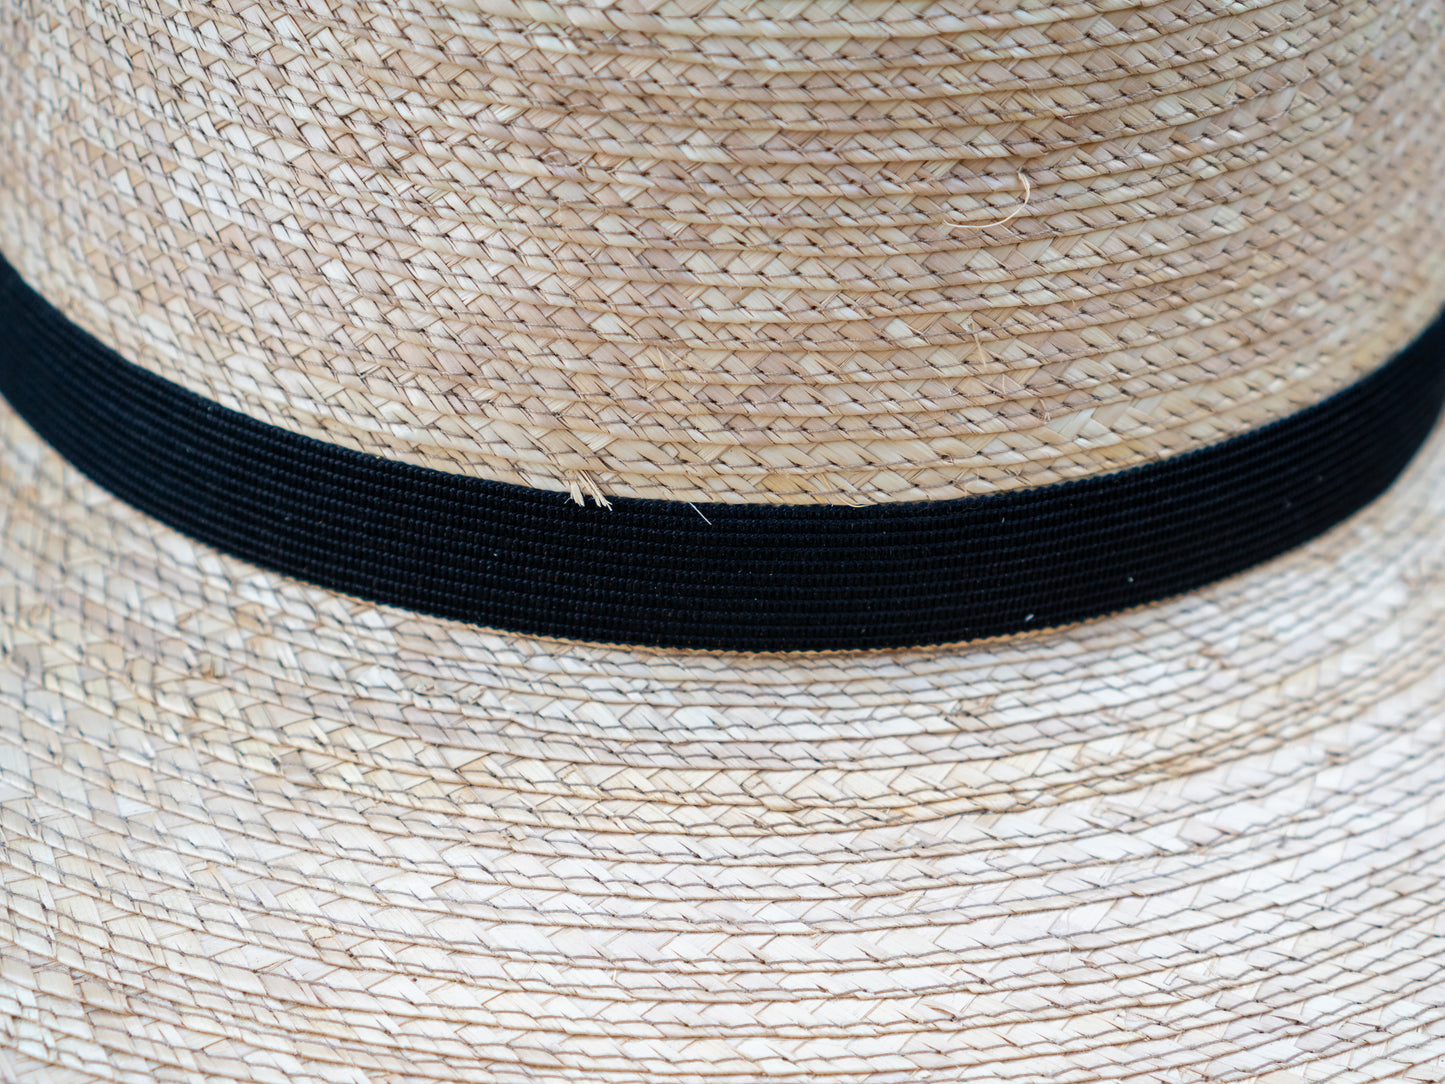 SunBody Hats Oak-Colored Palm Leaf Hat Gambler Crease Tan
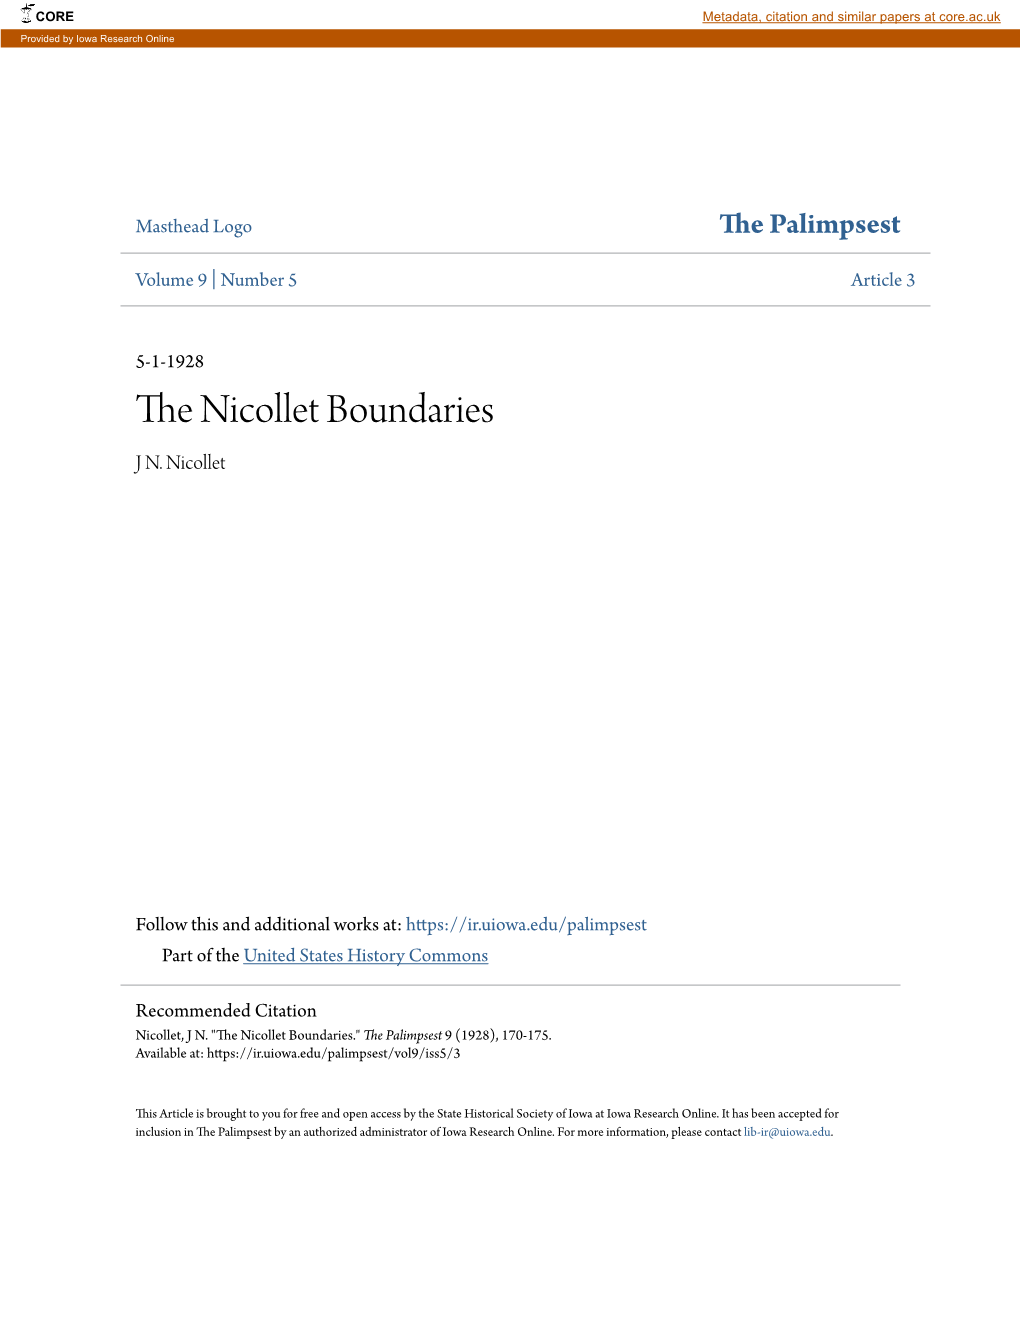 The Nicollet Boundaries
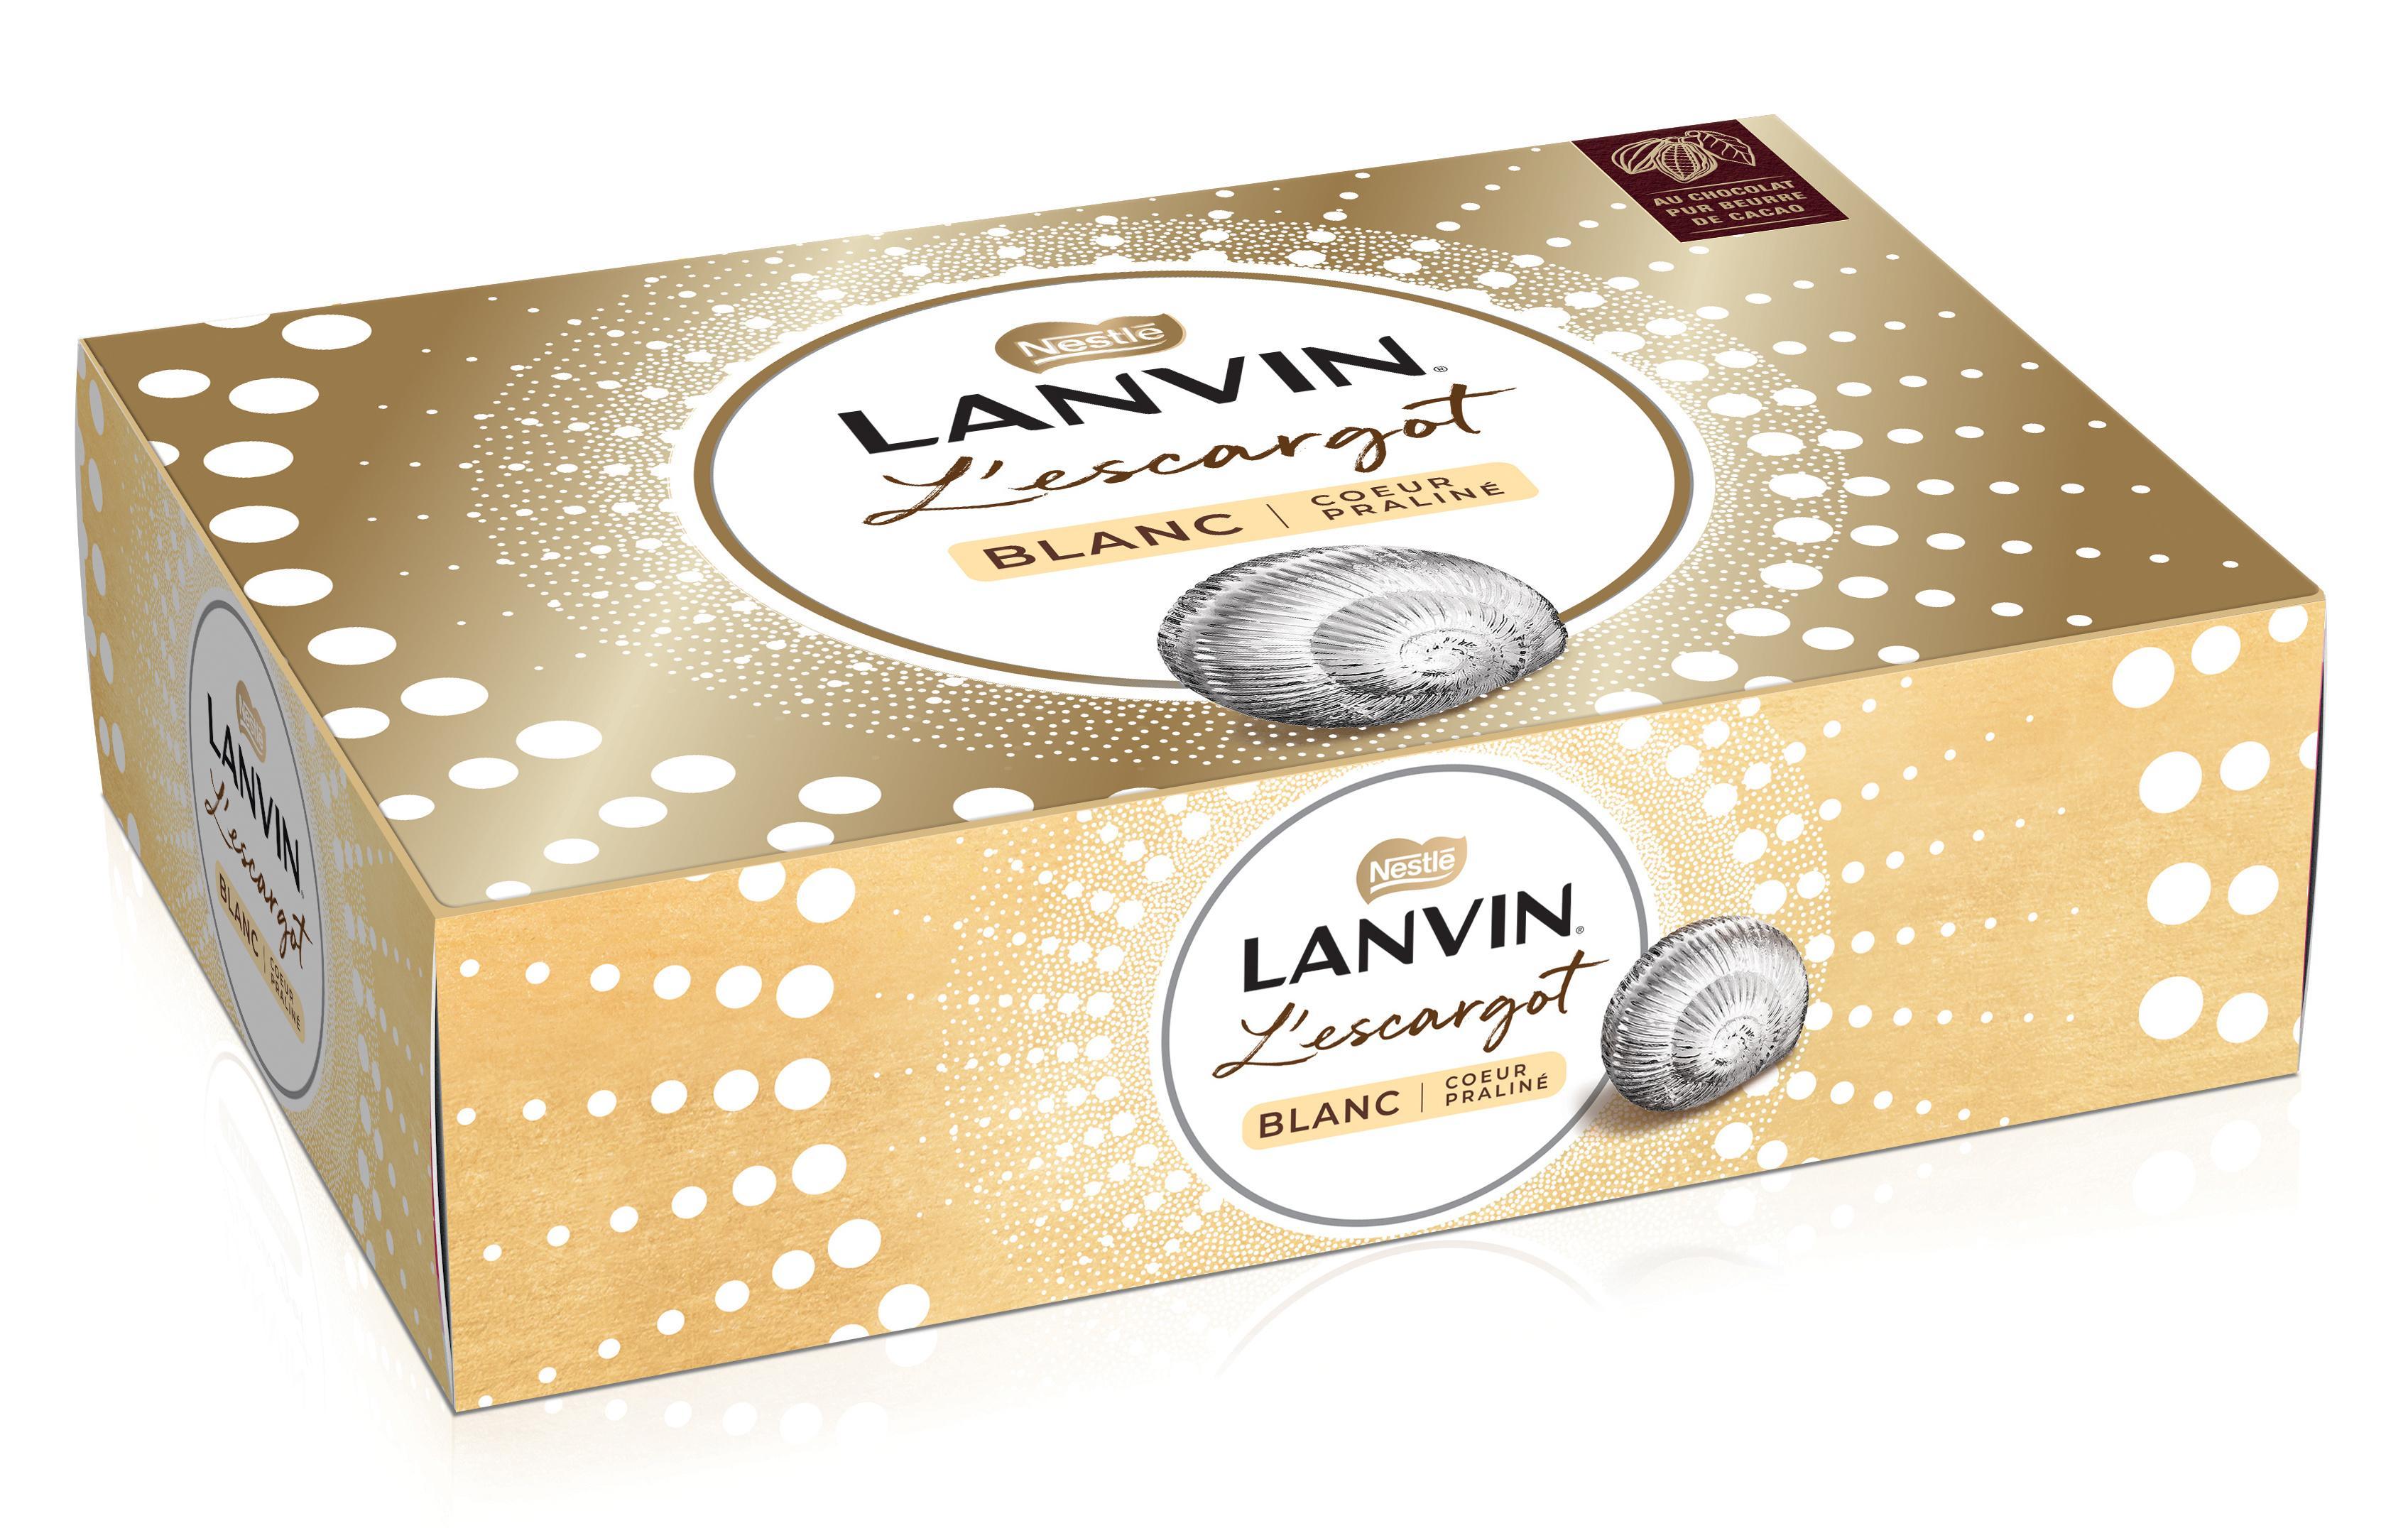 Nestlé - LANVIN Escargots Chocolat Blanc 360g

• • •

Description of the task: Aside from the pictures, repeat the listing exactly.

Response below:
 SunBody Hats Oak-Colored Palm Leaf Hat Gambler Crease Tan
 The Nicollet Boundaries
 Nestlé - LANVIN Escargots Chocolat Blanc 360g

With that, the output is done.